A Dose Of Anomie: “Little Murders”

The world of Little Murders (1971), a dark absurdist comedy, is one of subverted traditional values (they’ve been “murdered”) and of hope swallowed up by anomie. Actor Alan Arkin turned Jules Feiffer‘s off-Broadway play into a film, which is for a long time delightfully intelligent and mostly skillfully acted. Plus, this is one of the few movies concerned with big-city violent crime. Feiffer’s writing is impure, however. He doesn’t know how to end Little Murders. All he can do is rub out noses in human depravity, then the film’s over. This isn’t good enough.

(All reviews are by Earl Dean)

The Spectacle: “A Gunfight”

The 1971 Western, A Gunfight, ought to have been better but is still a modest pleasure. Kirk Douglas and Johnny Cash star as gunslingers with little money and arid lives, who contrive to get prosperous by selling tickets to their own gunfight to the death. No one is horrified by the idea except Douglas’s wife (Jane Alexander), but she simply doesn’t want to lose her inadequate husband. The contest is popular, with plenty of wagers made.

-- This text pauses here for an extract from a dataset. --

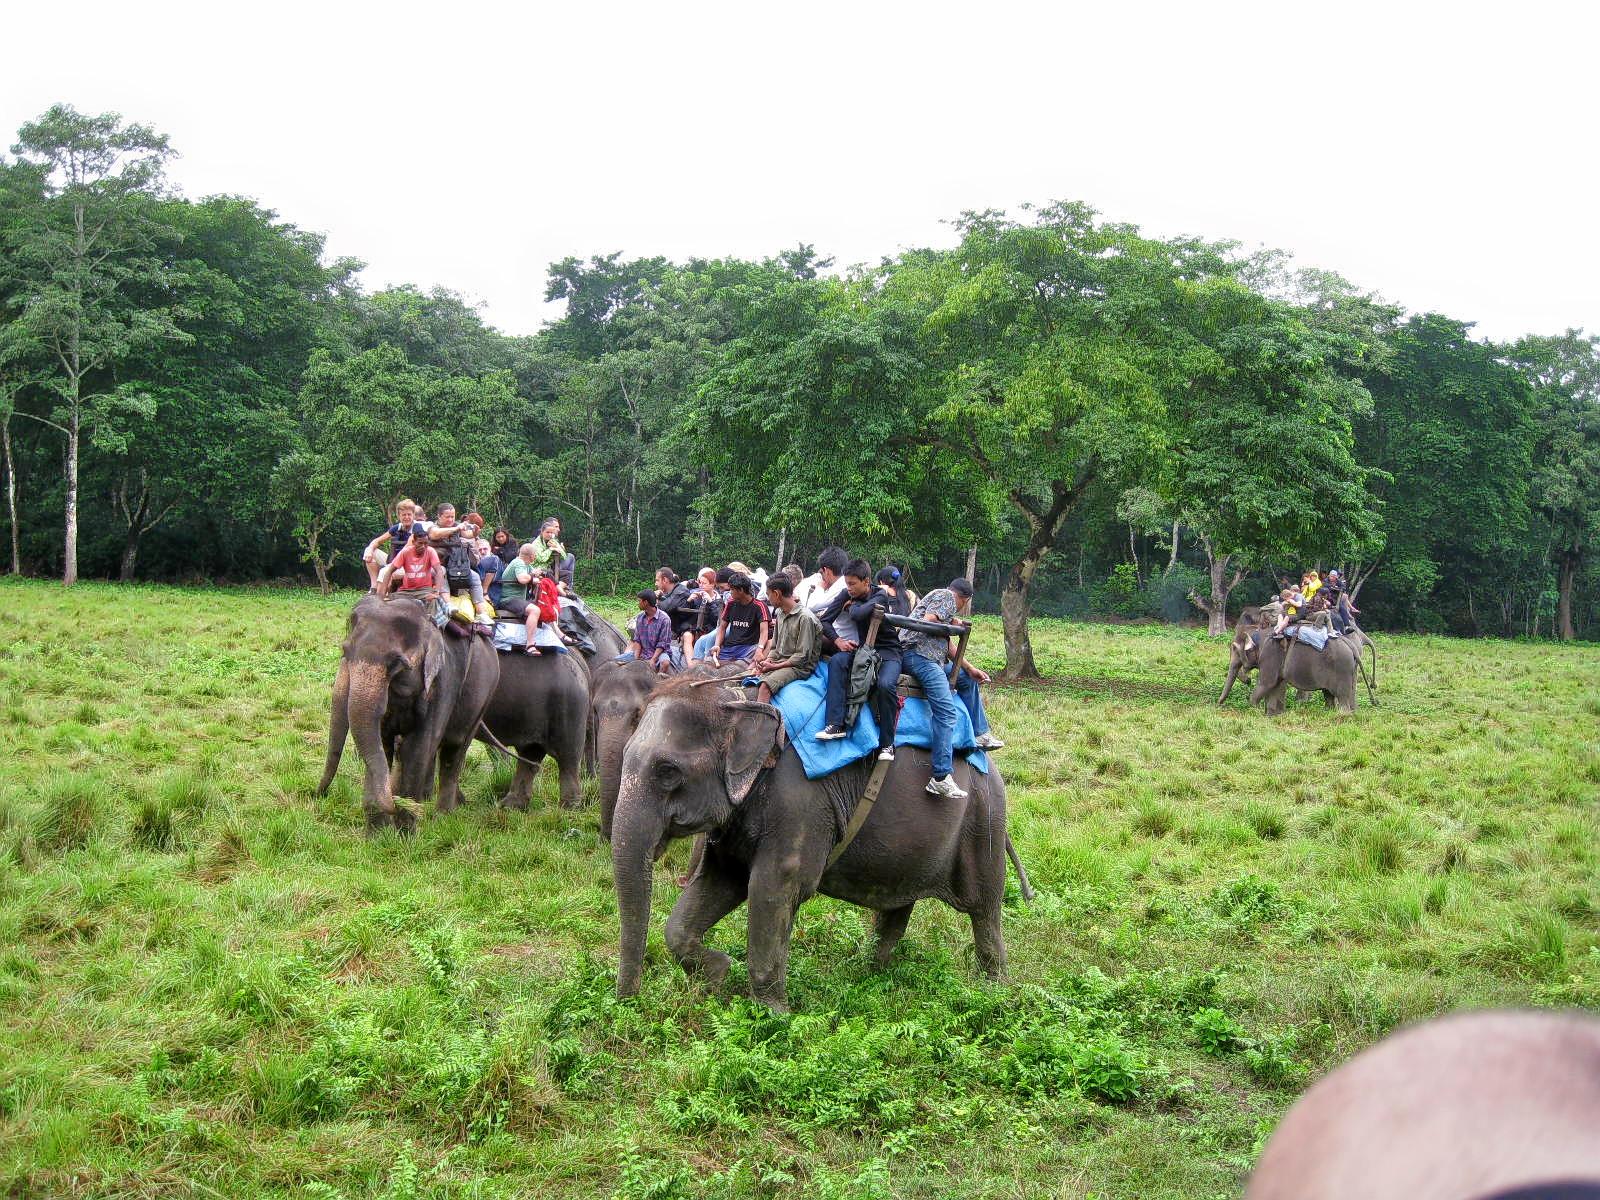 1559045370_chitwan_national_park__282010_29-87.jpg

Although A Gunfight can be obtuse, it’s also sinewy and even unique. Cash means business but is an unsatisfying actor. Douglas is just Douglas, which is okay. Alexander is true and distinguished. Her serious face is pretty, her clothed breasts lovely. Most Western fans won’t regret seeing this forgotten flick.

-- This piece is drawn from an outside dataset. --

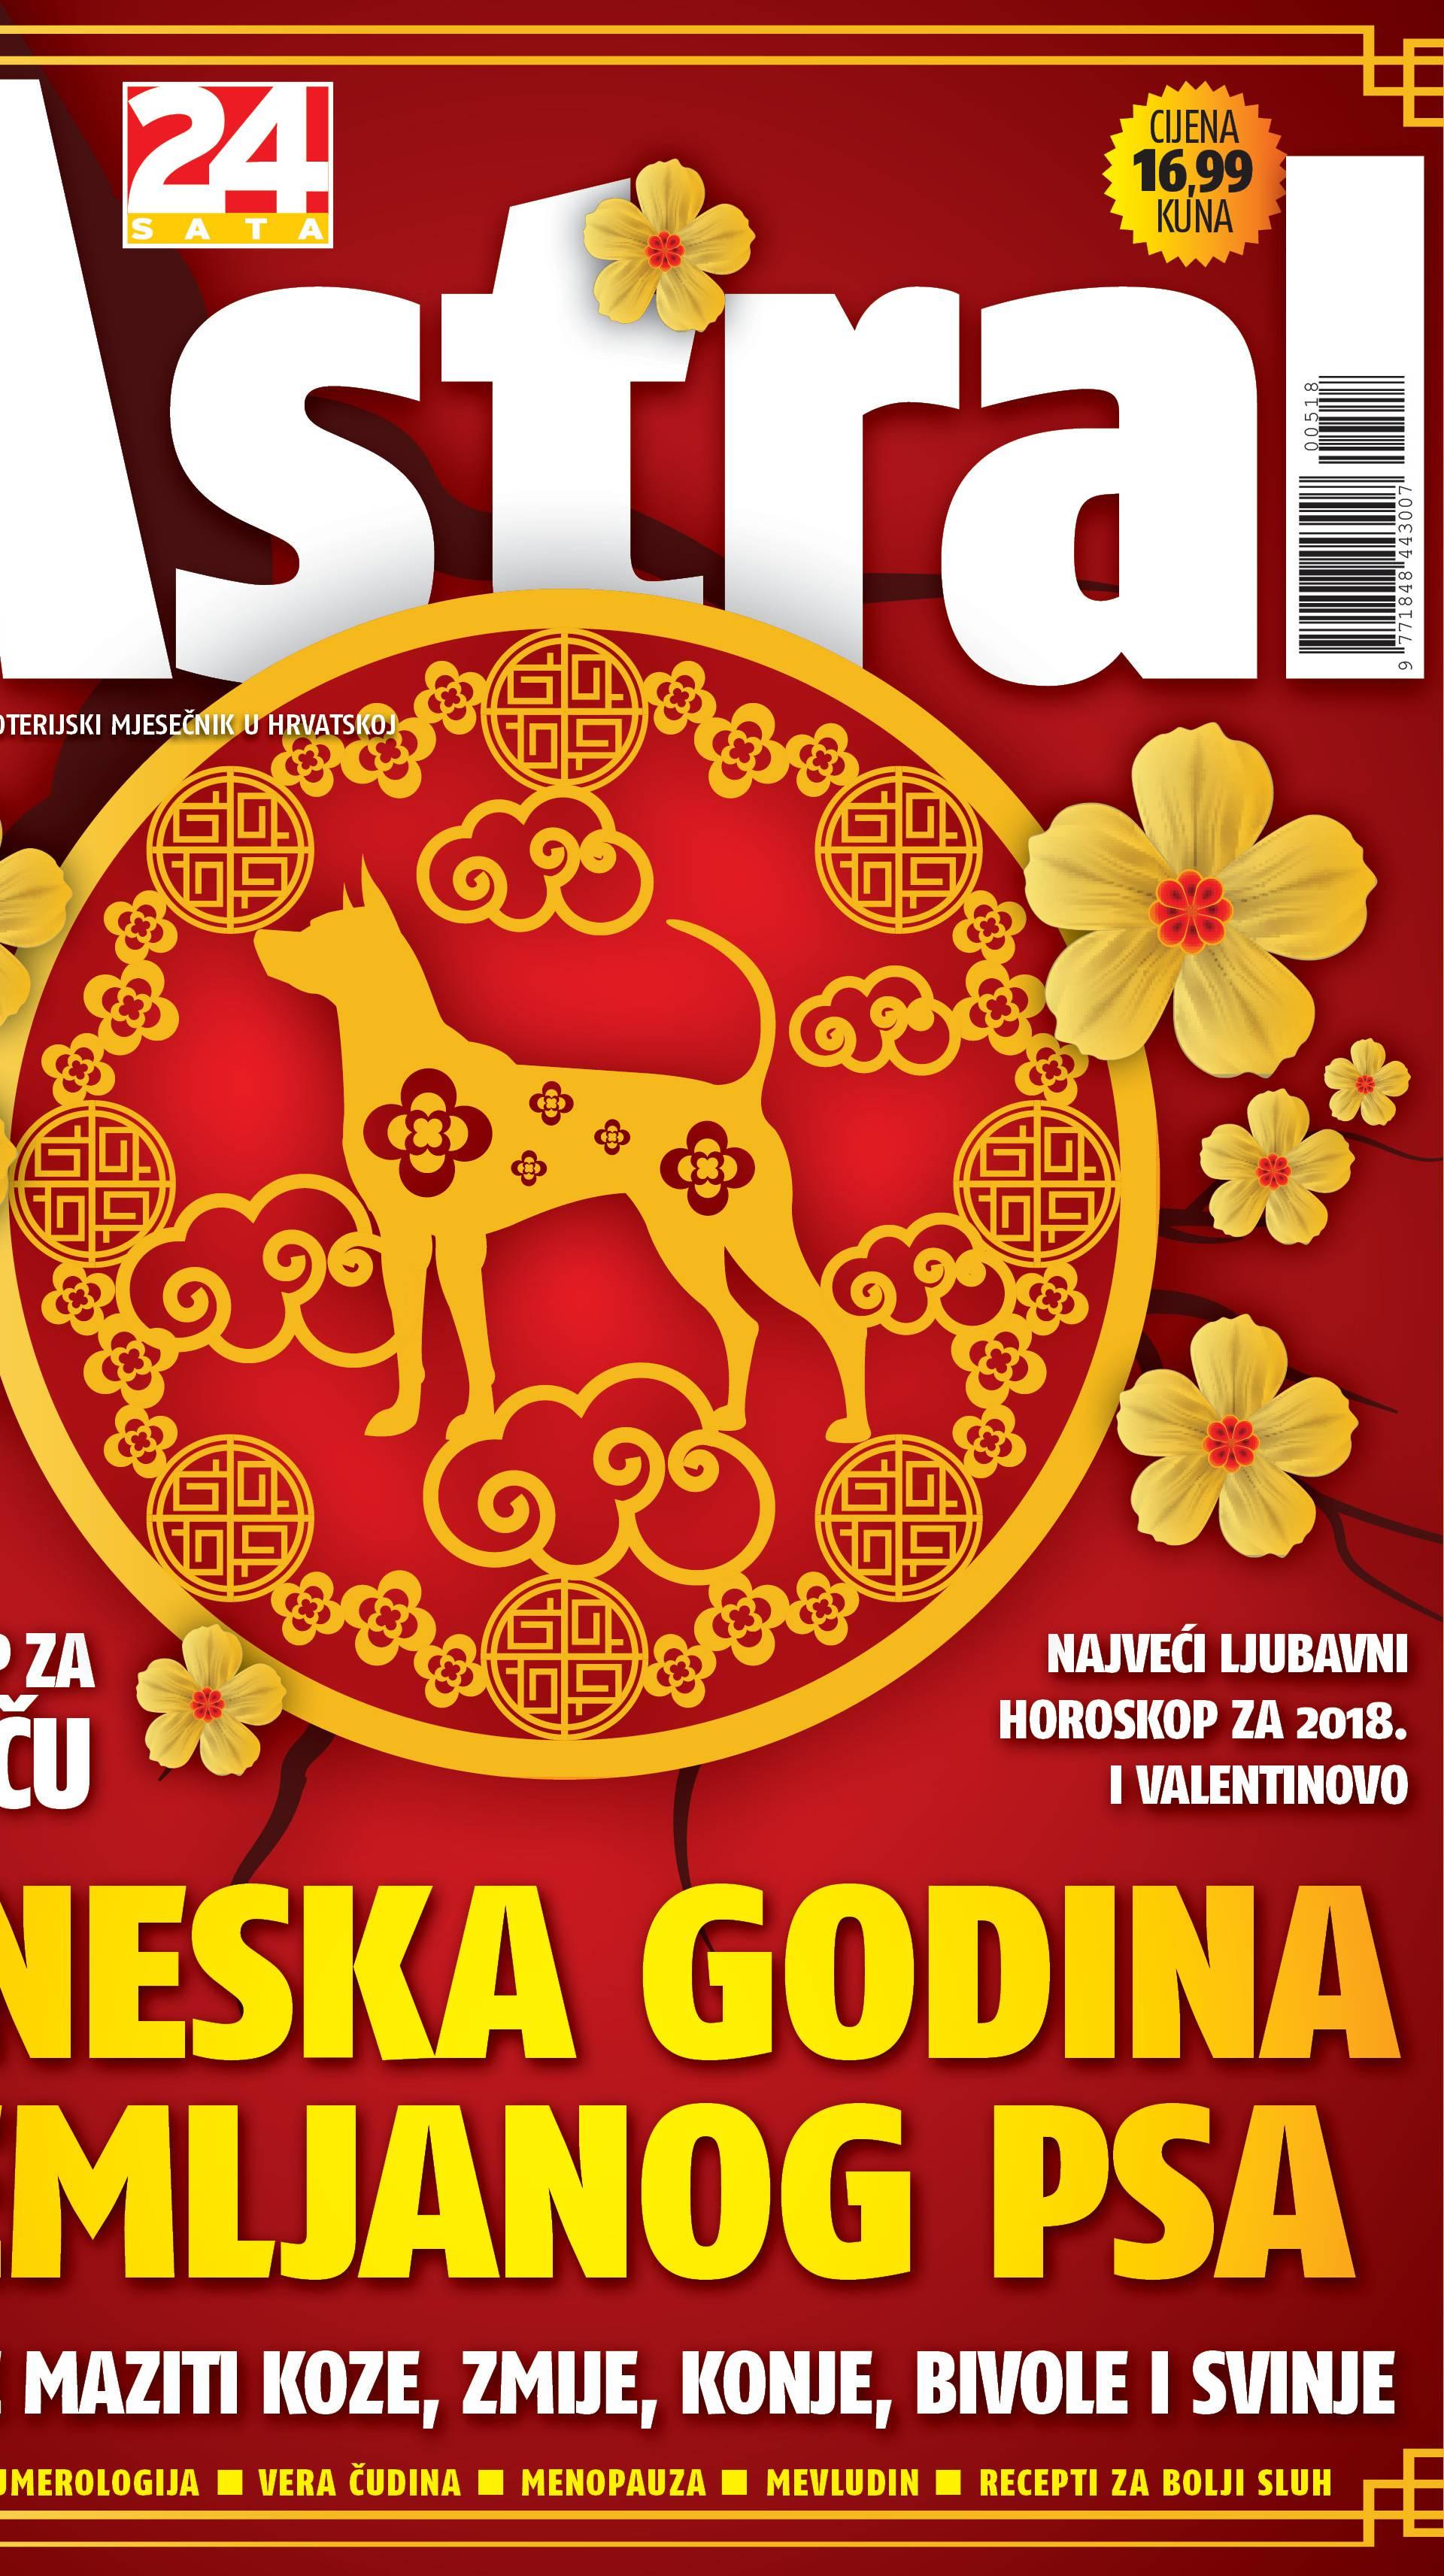 Astral: Analiza kineske godine Zemljanog psa i veliki horoskop

Directed by Lamont Johnson.

Young Lovers And Polio In 1949

Cropped screenshot of Ida Lupino from the trai...

Cropped screenshot of Ida Lupino from the trailer for the film The Hard Way Further cropped from Image:Ida Lupino in The Hard Way trailer.jpg (Photo credit: Wikipedia)

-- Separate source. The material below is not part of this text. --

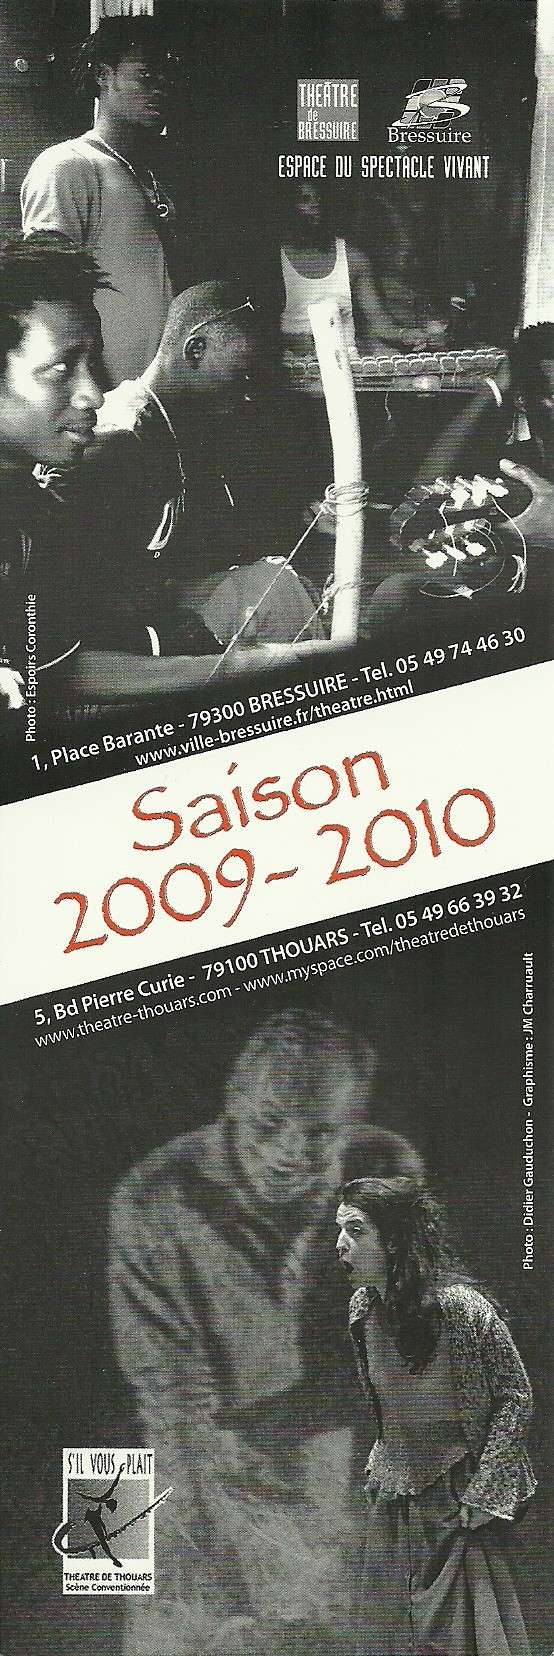 Doubles d'Alain Numari85

The print I saw (on DVD) of Ida Lupino‘s The Young Lovers (1949) is so technically deficient it seems ready to come apart at the seams.  The audio, for example, is often lousy.  As for the movie, it is a nicely serious love story in which the girl (Sally Forrest), a dancer, contracts polio.  The guy (Keefe Brasselle), also a dancer, doesn’t—but he truly loves the girl.  He has to eat, though, so he leaves for Las Vegas.

Herself afflicted with polio as a child, Lupino was a genuine creative force.  Not only did she direct The Young Lovers, she also produced and, with Collier Young, wrote it.  Likewise with other films.  The movie in question, however, is pretty pedestrian and sometimes overwrought.  But, again, it is nicely serious and thus manages to be watchable.

Also called Never Fear (a crummy title).

Jeremiah “Tough Guy” Johnson

The Sydney Pollack film, Jeremiah Johnson (1972), is very involving as it tells of a war veteran who becomes a mountain man. He fights one Indian after another, which to him is no problem. No wonder. The script makes him indestructible. What would cause terrible physical injury, and undoubtedly death, to an actual man leaves Jeremiah feeling essentially okay. The film is far less realistic (or naturalistic) than A Man Called Horse and it shouldn’t be. It is not quite settled on a point of view. Really, it is a bit leftist—like Robert Redford, who plays Jeremiah—as original scriptwriter John Milius is not, except Milius’s screenplay was rewritten by Edward Anhalt.

As usual, Redford’s acting shines, and JJ is well-made. In fact, congrats to all the actors. I like them better than the movie.